16. The system of claim 15, wherein the functional groups
correspond to identified individual software functions.
17. The system of claim 15, wherein the operation types include
operations simplified to a basic category of operations.
18. The system of claim 17, wherein the operation types includes
one or more of: an operation type for a plurality of different move
operations; an operation type for a plurality of different jump
operations; an operation type for a plurality of different push
operations; an operation type for a plurality of different
conditional jump operations; and an operation type for a plurality
of different call operations.
19. The system of claim 15, wherein the simplifying step includes a
step of ignoring arguments and operands.
20. One or more non-transitory memory components containing
computer instructions for instructing a computer system to perform
the steps of: receiving an executable file, generating a function
identification code for one or more software functions contained in
the received executable file, and comparing a function
identification code generated for the received file against
function identification codes for a plurality of known executable
files in one or more databases accessible by the computer system to
determine a level of similarity between a software function
contained in the received executable file and a software function
contained in a known executable file.
21. The one or more non-transitory memory components of claim 20,
wherein the step of generating a function identification code for
one or more software functions contained in the received executable
file includes the following steps: disassembling the executable
file into assembly code instructions; and breaking the disassembled
assembly code instructions into one or more software functions.
22. The one or more non-transitory memory components of claim 20,
wherein the step of generating a function identification code for
one or more software functions contained in the received executable
file is based upon the identification of assembly language opcodes
respectively contained in each of the one or more software
functions.
23. The one or more non-transitory memory components of claim 21,
wherein the step of generating a function identification code for
one or more software functions contained in the received executable
file is based upon the types of assembly language opcodes
respectively contained in each of the one or more software
functions.
24. The one or more non-transitory memory components of claim 23,
wherein the step of generating a function identification code for
one or more software functions contained in the received executable
file ignores the operands and arguments associated with the
assembly language opcodes in the assembly code instructions.
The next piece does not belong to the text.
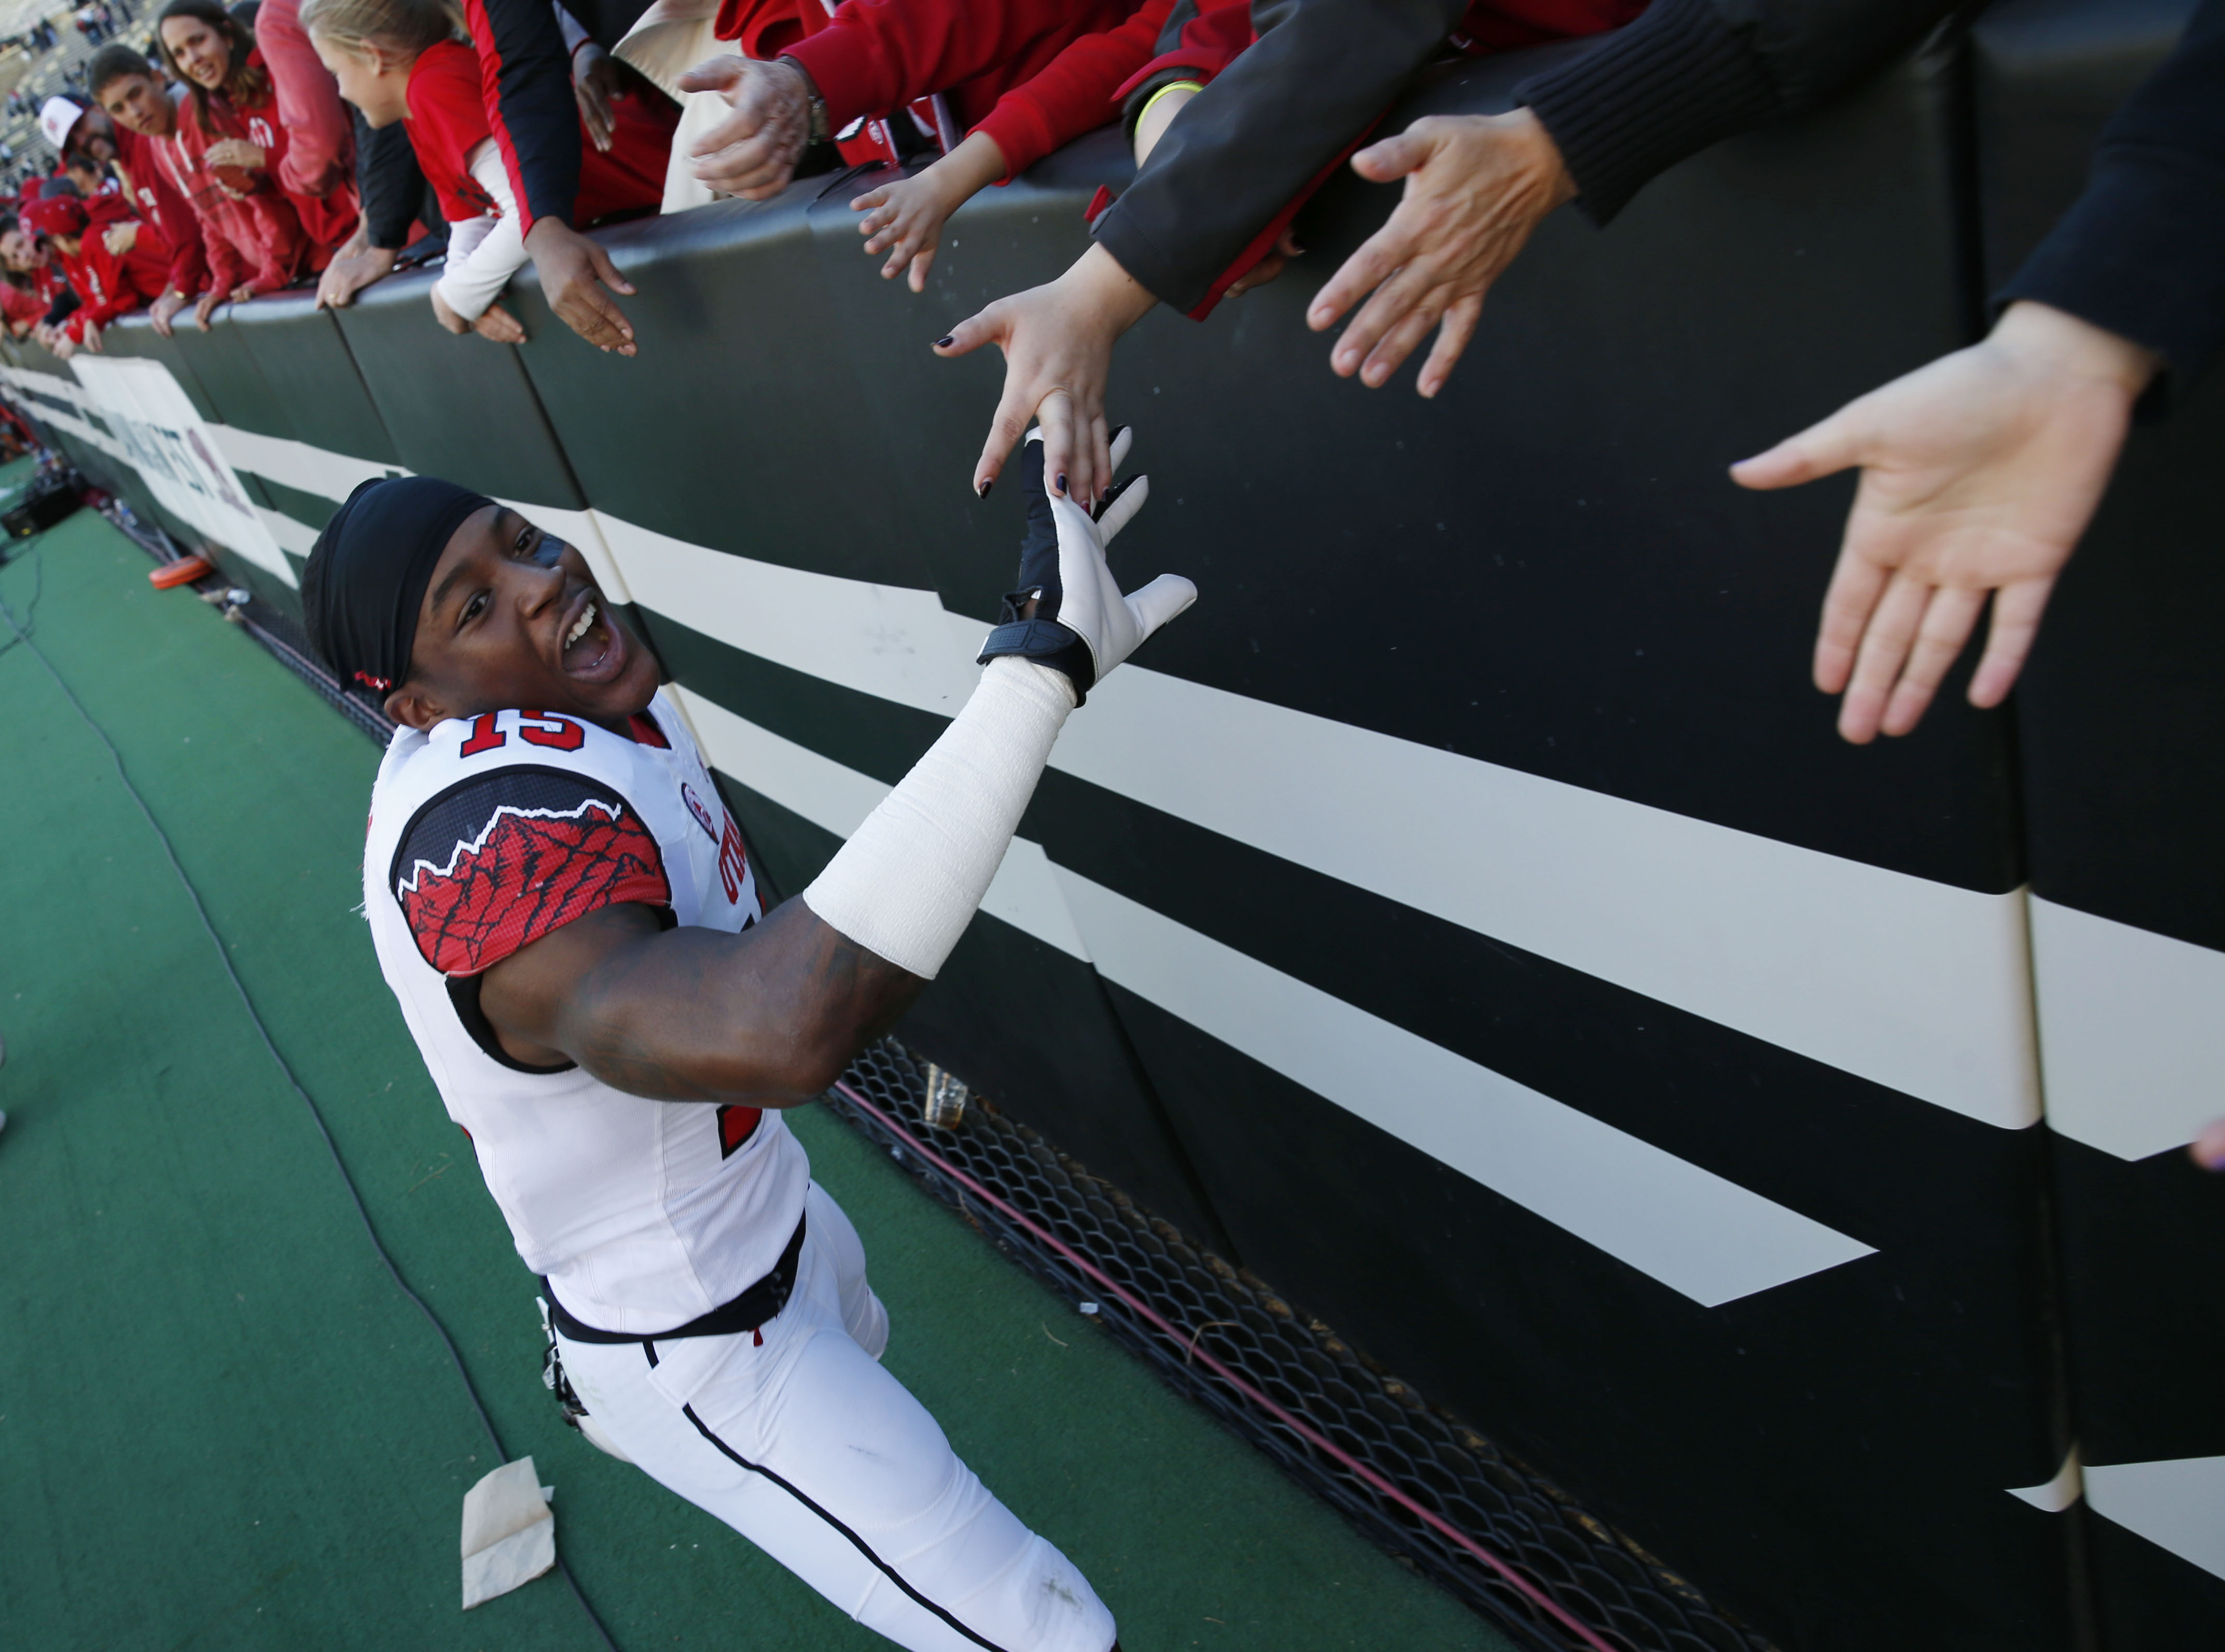 Utah defensive back Dominique Hatfield is congratulated by fans as he leaves the field Utah's 38-34 victory over Colorado in an NCAA college football game in Boulder, Colo., Saturday, Nov. 29, 2014. Hatfield intercepted a pass and scored the winning touchdown in the fourth quarter to secure the win for Utah. (AP Photo/David Zalubowski)

25. The one or more non-transitory memory components of claim 24,
wherein each type of assembly language opcode is associated with an
alphanumeric character, and the step of generating a function
identification code for one or more software functions contained in
the received executable file includes building a string of the
alphanumeric characters sequentially associated with the types of
assembly language opcodes respectively contained in each of the one
or more software functions.
26. The one or more non-transitory memory components of claim 20,
wherein the known executable files contain known malicious
executable files, and the comparing step compares function
identification codes generated for the received file against
function identification codes associated with the plurality of
known malicious executable files in the one or more databases to
determine a level of similarity between the received executable
file and one or more of the known malicious executable files in the
one or more databases.
27. The one or more non-transitory memory components of claim 20,
wherein the comparing step utilizes string similarity algorithms.
Description
FIELD OF THE INVENTION
[0001] The current disclosure pertains to systems and methods for
detecting and/or identifying software functions in potential
malicious executable computer files (i.e., "malware") on a computer
system, or passing through an electronic communication channel such
as through email exchanges or through network sensors.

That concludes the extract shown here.